Donald Rackin, retired Temple professor and award-winning author, has died at 89

Donald Rackin, 89, of Philadelphia, retired professor of English at Temple University, scholar of Victorian literature and award-winning author, died of Parkinson’s disease at his home in Roxborough on Wednesday, November 23.
Professor Rackin taught English literature at Temple for 33 years and was known among students, colleagues and staff for his innovative ideas, endearing personality and dedication to science. Many students credited him with their post-college success, and peers called him a “professional father,” an “exemplary advisor,” and an “extremely supportive mentor.”

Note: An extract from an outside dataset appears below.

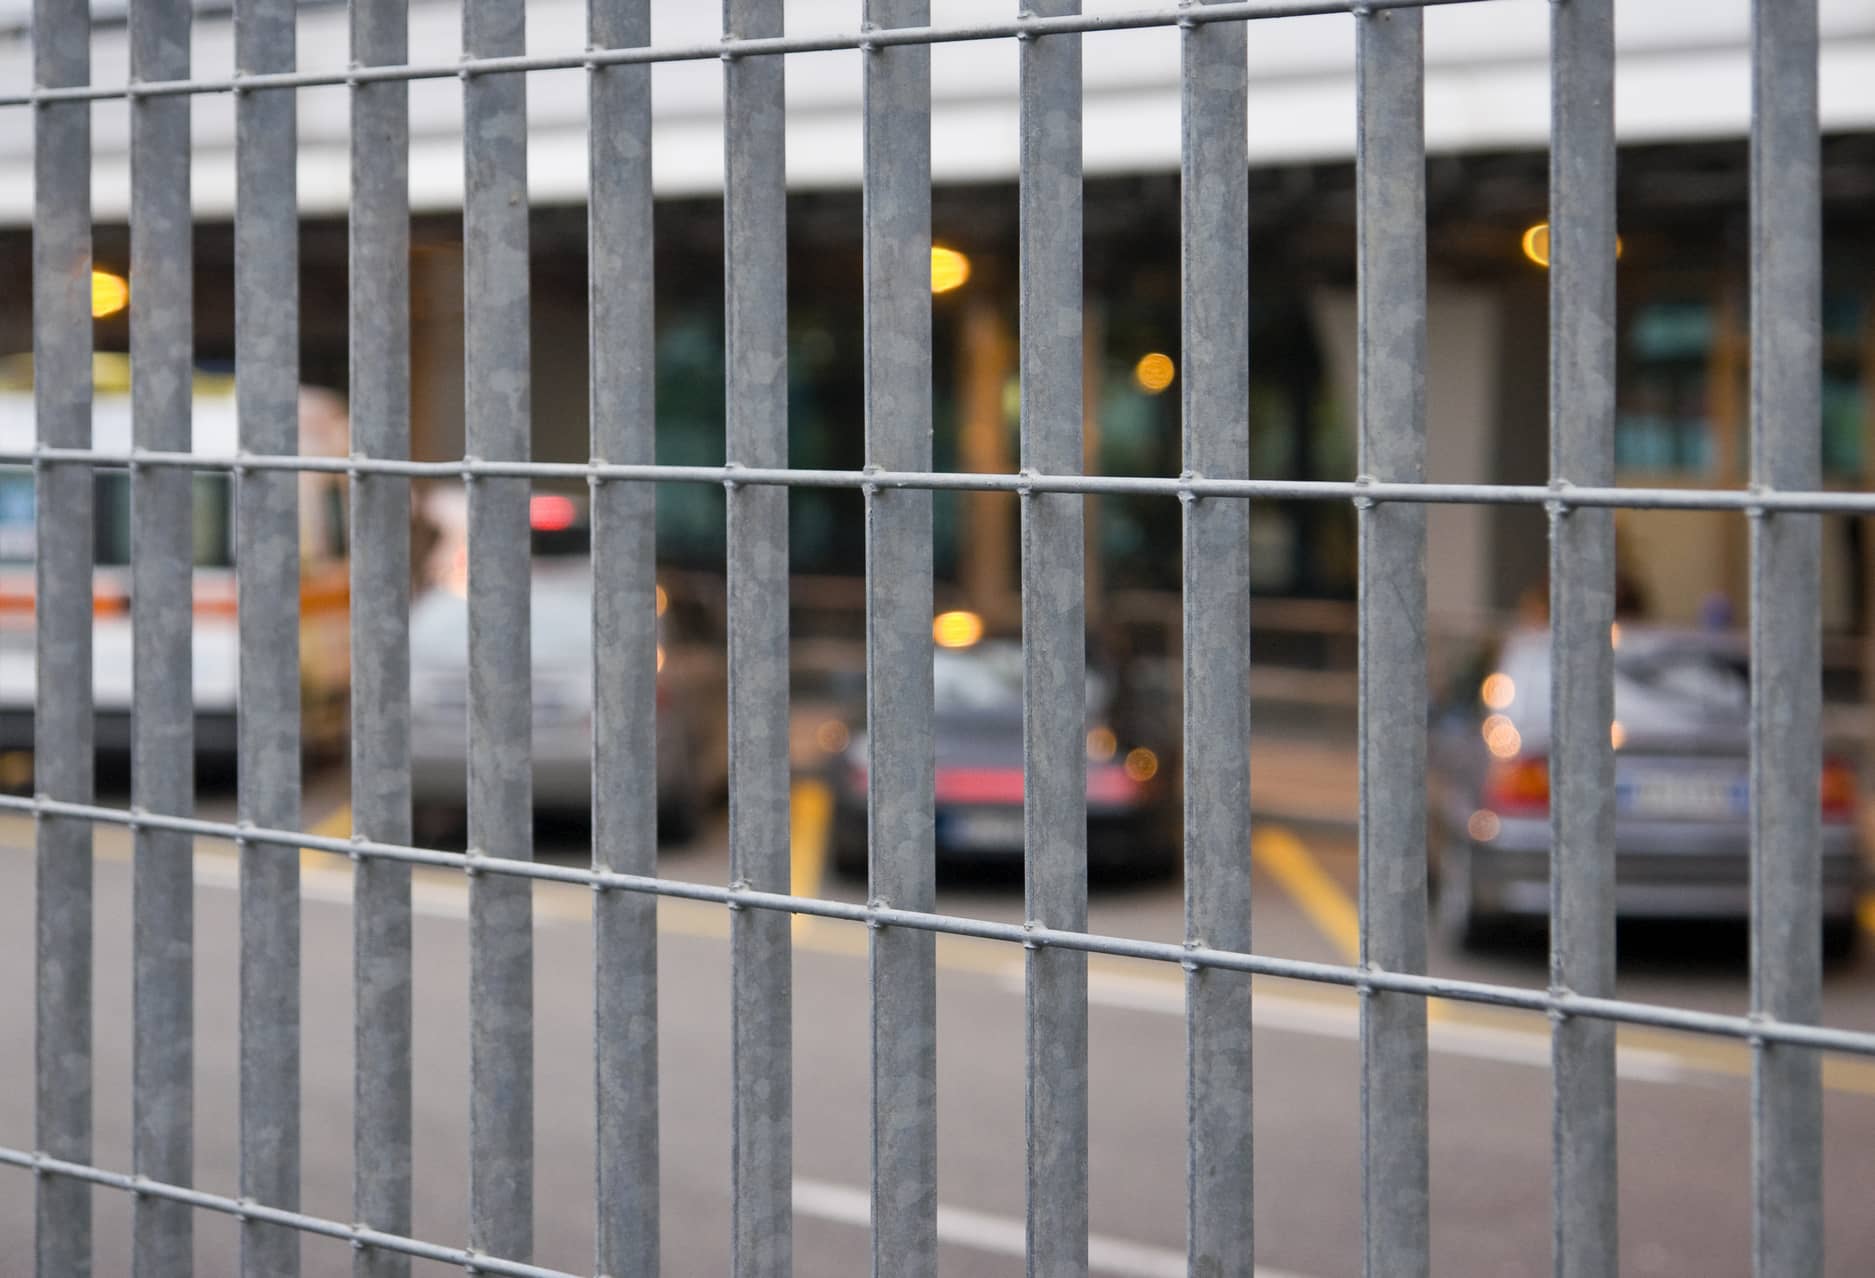 This picture shows a metal fence surrounding a commercial parking lot area.

Constantly seeking ways to improve the educational experience for both students and teachers, he founded and directed Temple’s Teaching Improvement Center and Senior Mentoring Service, which recruited retired professors as mentors and matched them with younger teachers. “We mate them and leave them alone,” Professor Rackin told The New York Times in 1991, referring to the Senior Mentoring Service.
“Everyone has an ‘impostor’ syndrome, that they’re not as good as they seem and they don’t want anyone to know their secrets,” he said of younger professors. “The great thing is that the mentors are no longer professors and no longer vote for employment, salary or promotion.”
He was a member of the Executive Committee of the Temple Association of University Professionals, and a union colleague called him “an ardent advocate for the faculty at Temple and elsewhere.” In a tribute, a friend said Professor Rackin was “a successful academic who knew how to have fun, someone who values people above all else”.
Professor Rackin wrote poetry and short stories throughout his life. He published and reviewed articles and essays on Victorian literature and other subjects, was an expert on the English author Lewis Carroll, and edited many publications including Temple’s Faculty Herald and Academe, the journal of the American Association of University Professors.
He has written books about Carroll’s work, including the 1991s Alice’s Adventures in Wonderland and Through the Looking-Glass: Nonsense, Sense and Meaning, and won the Modern Language Association’s 1967 William Riley Parker Prize for his essay Alice’s Journey to the End of Night. He also lectured on Carroll and other English literature across the country, in England, Israel and elsewhere around the world, and appeared on radio and television programs.
In 1982, Marshall Ledger of the Pennsylvania Gazette reviewed the University of Pennsylvania Lewis Carroll, A Celebration for The Inquirer, saying Professor Rackin’s essay in the book “stands almost alone in seeing Carroll broadly. He doesn’t demean or ignore the comedy, but sees it as a crucial part of Carroll’s disillusioned view of the world and the cosmic order.”
Professor Rackin served on the board of directors of the Lewis Carroll Society of North America, and its members said in a tribute: “Don was a warm, gentle soul with a wild intellect that always lurked behind his wonderful sense of humor.”
Donald Rackin was born on February 24, 1933 in Newark, NJ. He graduated from West Side High School, spent three years at New York University, and graduated from Rutgers University in 1954 with a bachelor’s degree in English. He earned a master’s degree in English from Columbia University in 1955, taught for a number of years at Auburn University, and received his PhD in English from the University of Illinois in 1964.
He moved to Philadelphia to teach at Temple in 1962 and retired in 1995.
Professor Rackin met Phyllis Finkelstein in Bradley Beach, New Jersey and she was impressed by his interest in books, art and music. They married in 1954, had daughters Rebecca and Ethel, and lived in West Philadelphia, Germantown, and Roxborough.
He volunteered with the Greater Philadelphia Coalition against Hunger and the Coming of Age Seniors Program, supported civil and women’s rights, and opposed nuclear proliferation and war. He told The Inquirer at a 2003 candlelight vigil to protest the war in Iraq: “We’re here because war is a terrible, stupid idea.”
After retiring, he took a Yiddish course and loved the poem “God’s Grandeur” by Gerard Manley Hopkins and the song “Morning Has Broken” by Cat Stevens. “Don had a brilliant mind and a clear mind,” his family said in a tribute. “But those who knew him valued him mostly for his warm heart and generous spirit.”
He was good at carpentry, cooking, painting, and photography, and was the top jitterbug dancer in his high school class. He enjoyed fishing and sailing, and spent idyllic summers on Prince Edward Island in Canada.
“He was brilliant and creative,” said his wife. “He exuded a warmth and kindness that people could feel.”
In addition to his wife and daughters, Professor Rackin is survived by a grandson and other relatives. Before that, two brothers died.
A celebration of his life will be held Sunday, April 23 at 1 p.m. at the Laurel Hill Funeral Home, 225 Belmont Ave., Bala Cynwyd, Pa. 19004, instead.
Donations on his behalf may be made to The Parkinson’s Foundation, 200 SE 1st St., Suite 800, Miami, Florida 33131 and the Greater Philadelphia Coalition Against Hunger, 123 Chestnut St., Suite 401, Philadelphia, Pa. 19106.